Leave every image behind and restate the data word for word.
-- Information supplied follows --
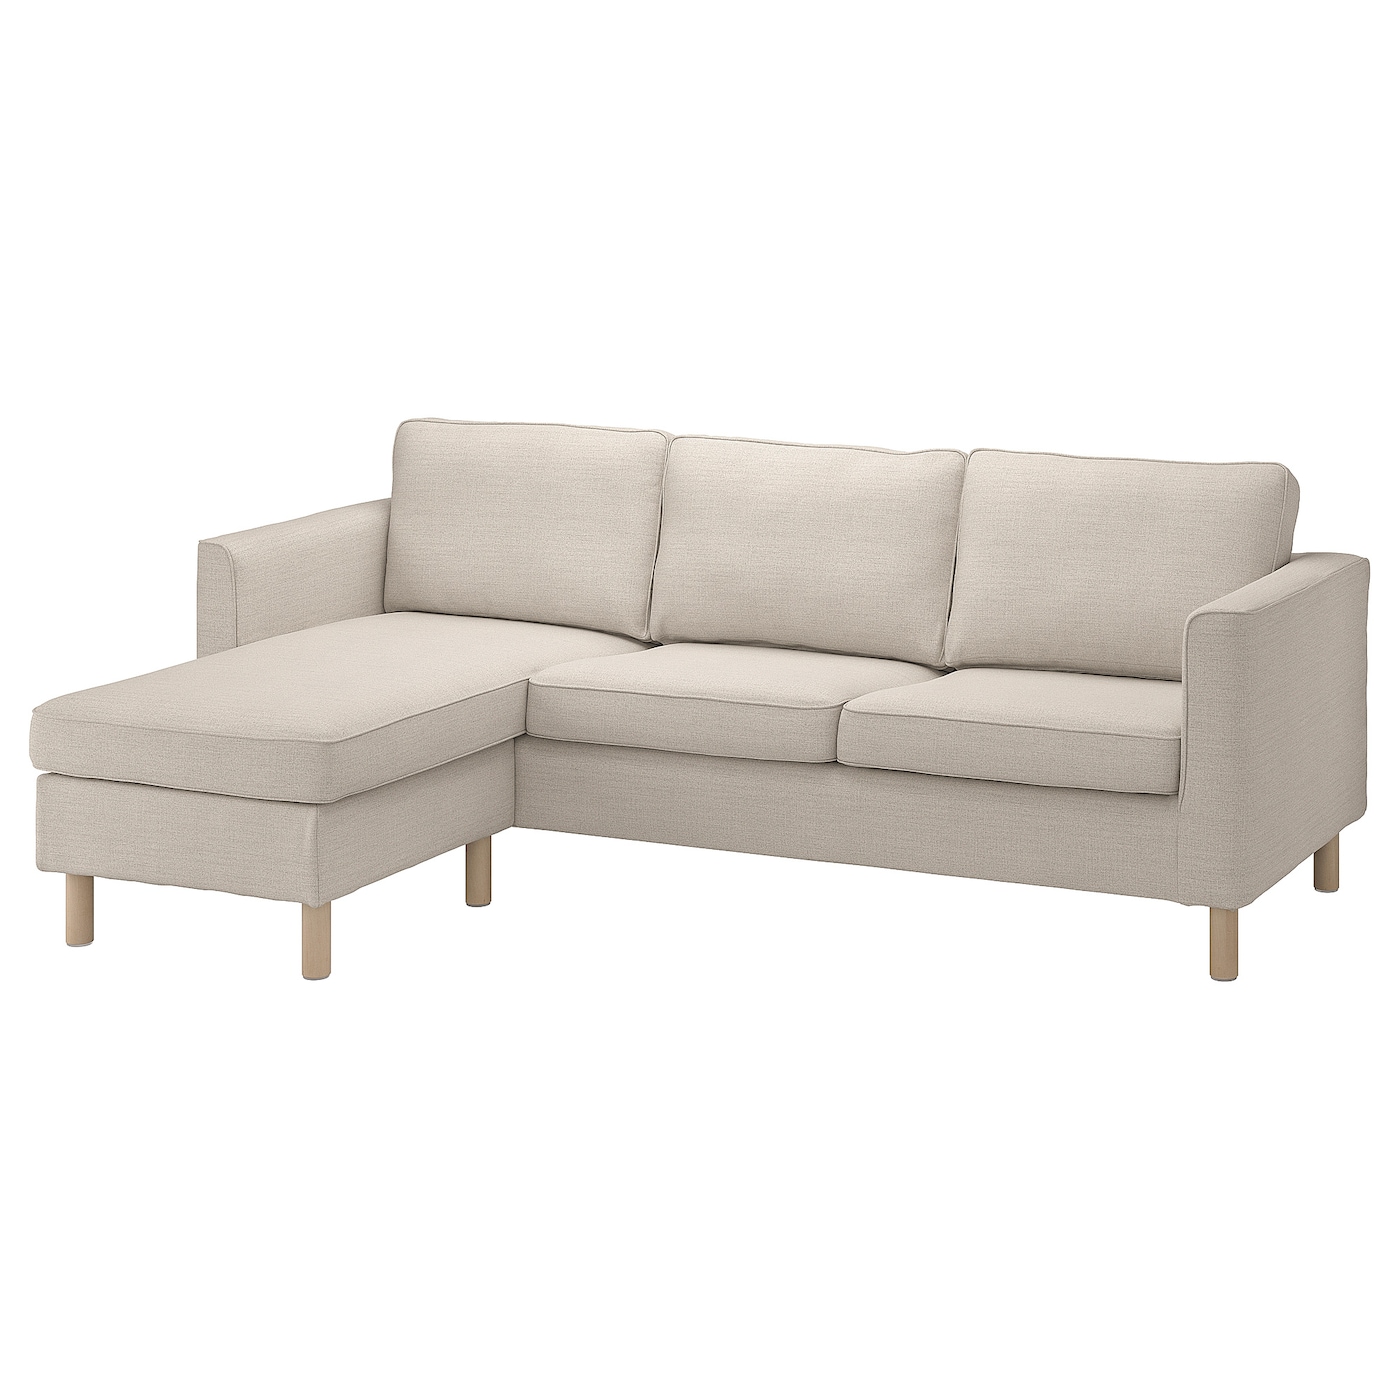 2-местный диван и шезлонг - IKEA PÄRUP/PARUP, 86x148x235см, серый/светло-серый, ПЭРУП ИКЕА
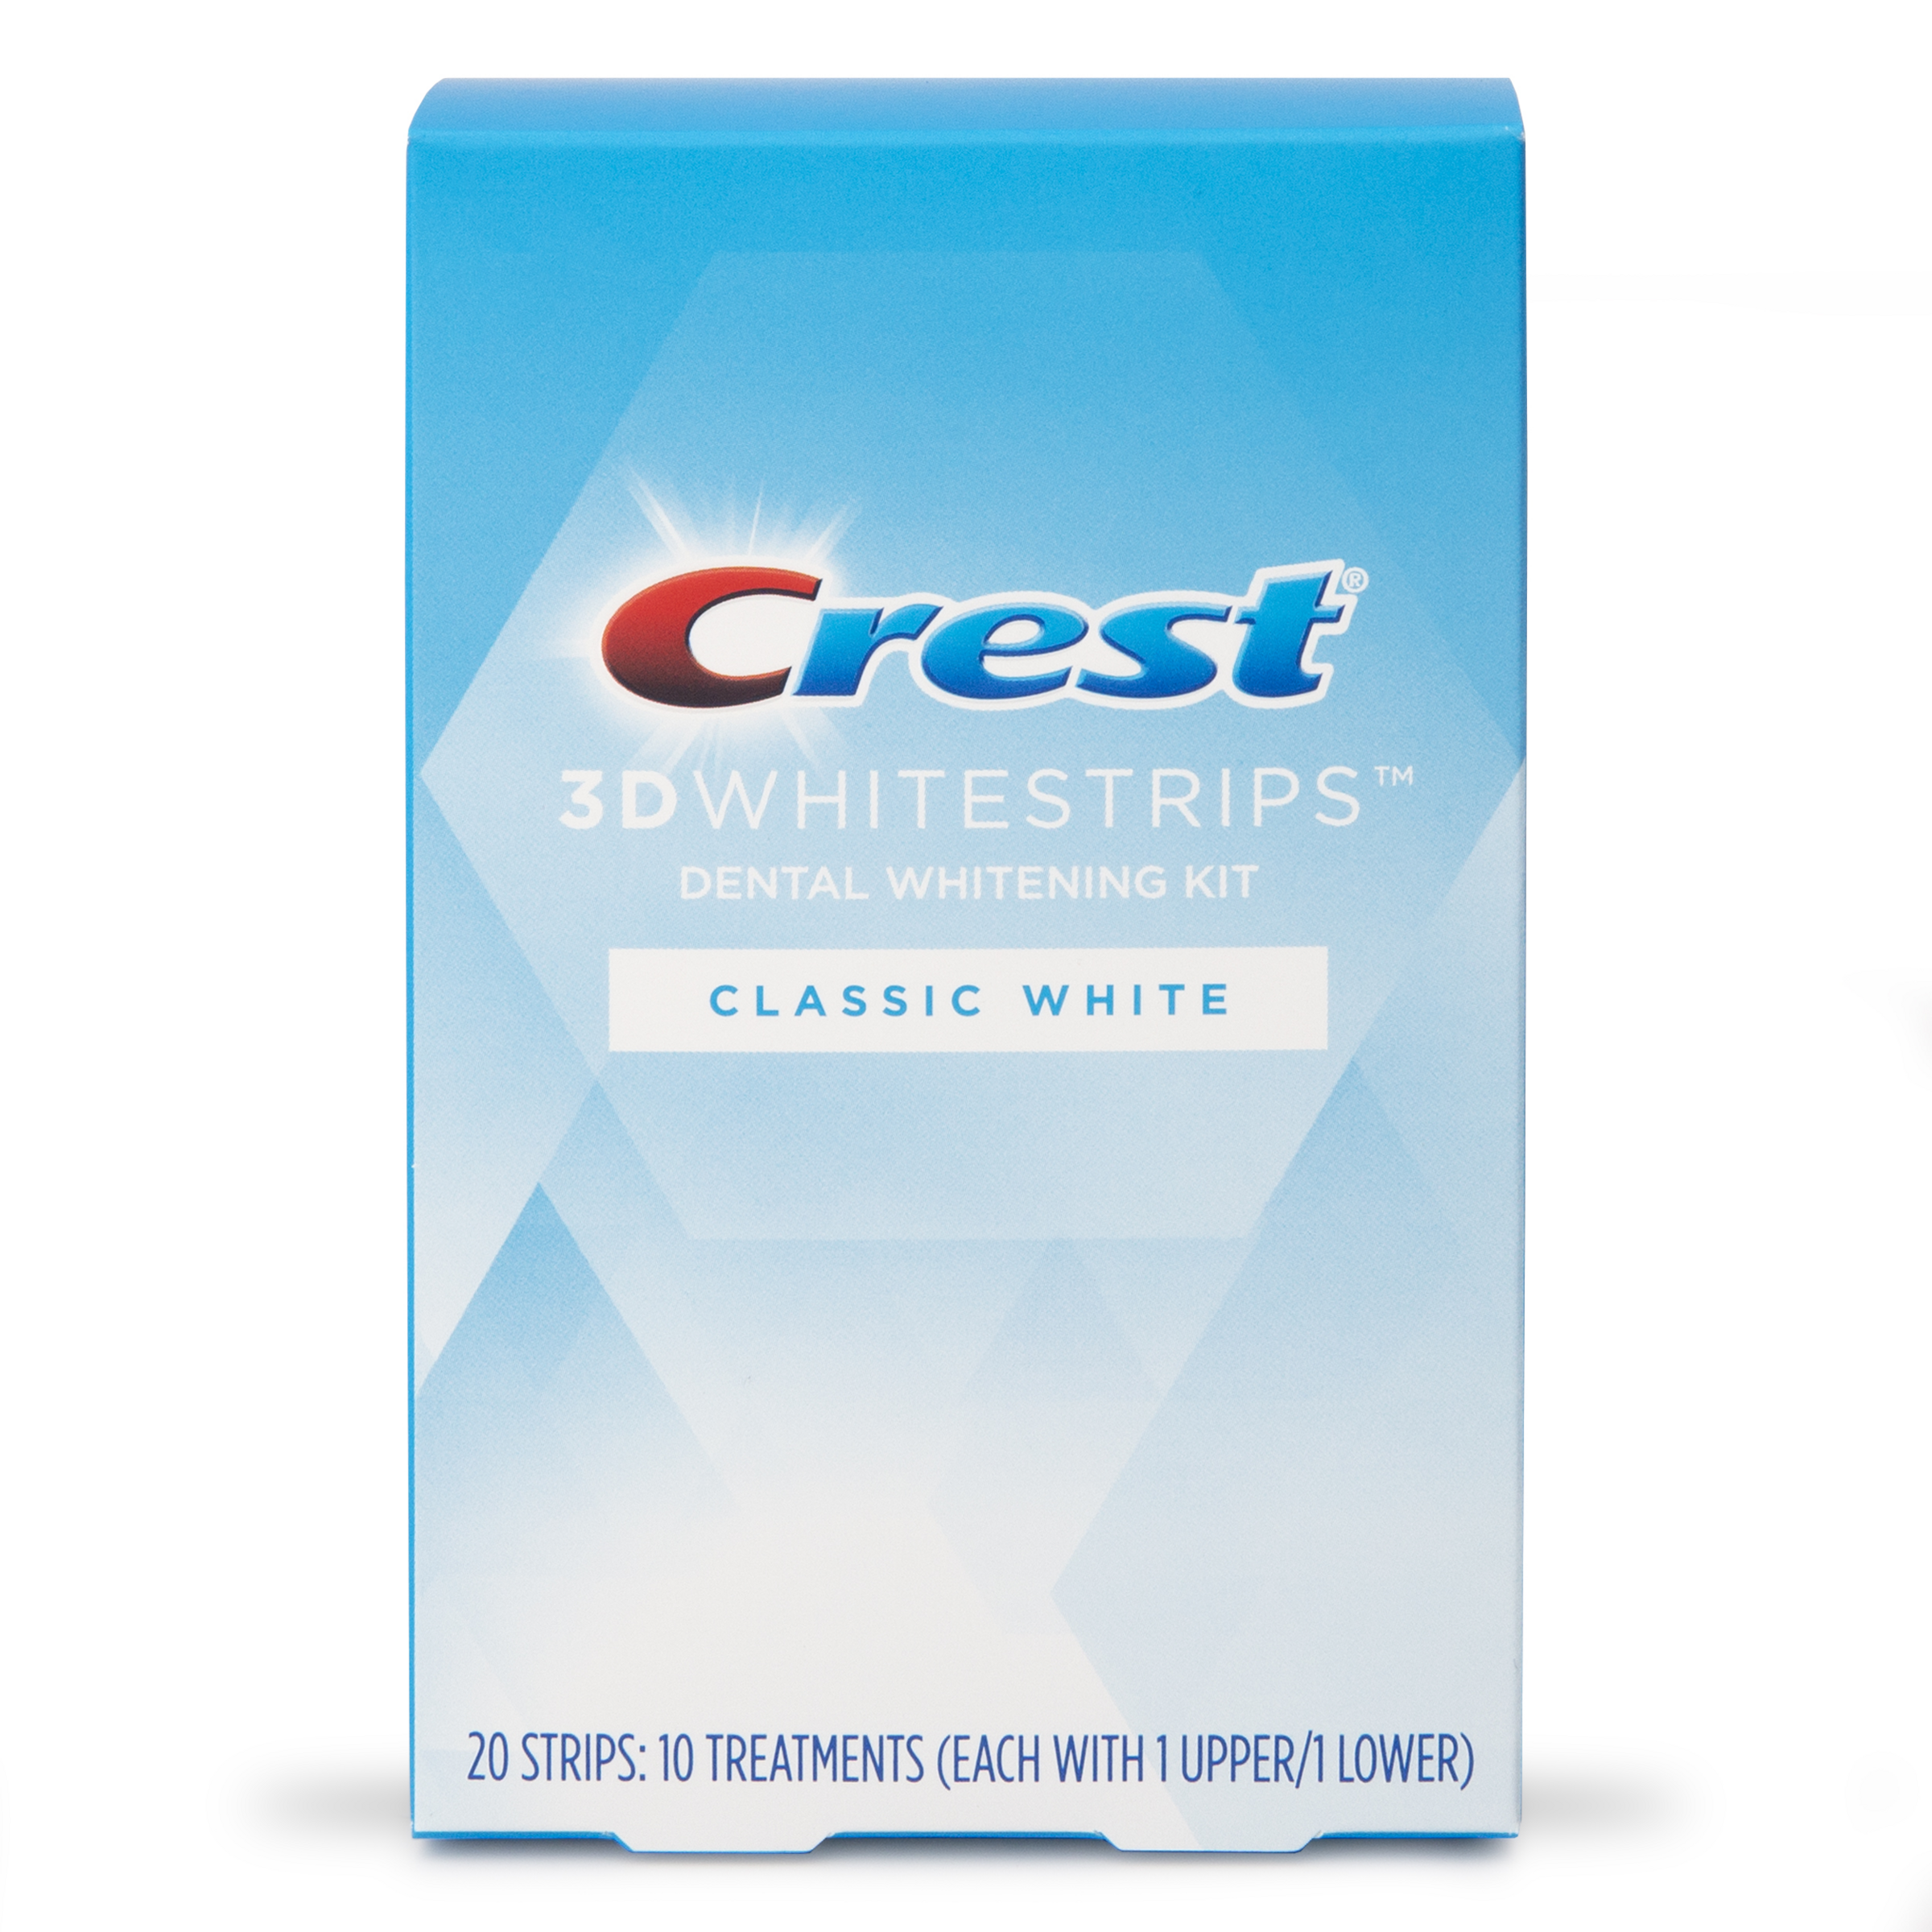 Crest 3 D Whitestrips Classic White Dental Whitening Kit
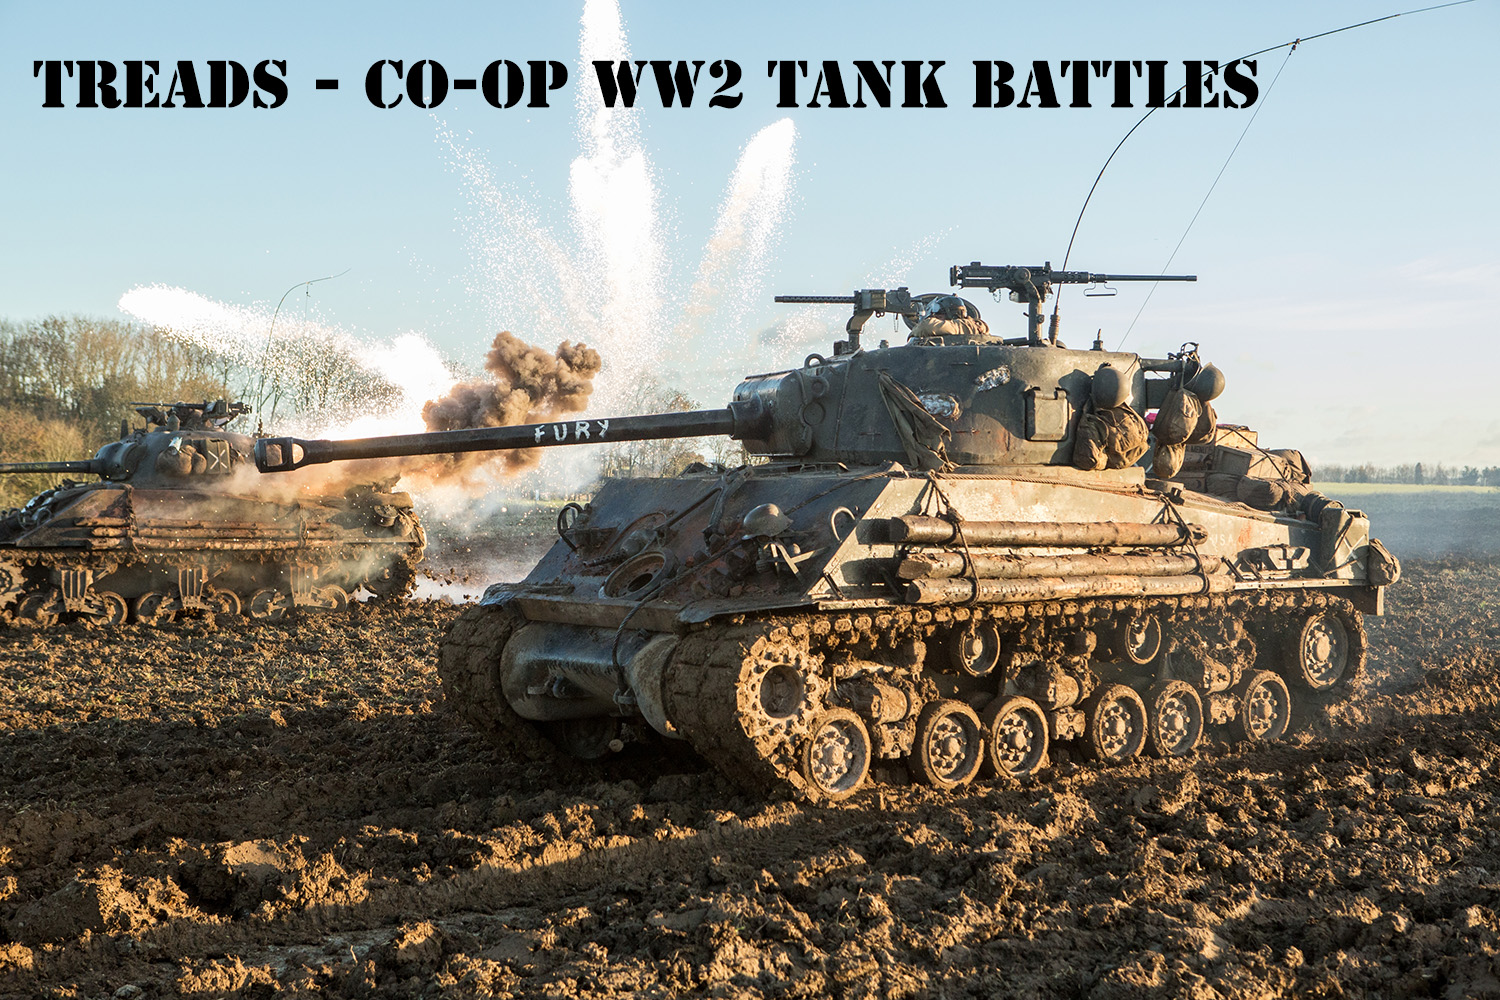 TREADS: Co-op WW2 Tank Battles
-- Information supplied concluded --
Response area »
 2-местный диван и шезлонг - IKEA PÄRUP/PARUP, 86x148x235см, серый/светло-серый, ПЭРУП ИКЕА
 Crest 3 D Whitestrips Classic White Dental Whitening Kit
 TREADS: Co-op WW2 Tank Battles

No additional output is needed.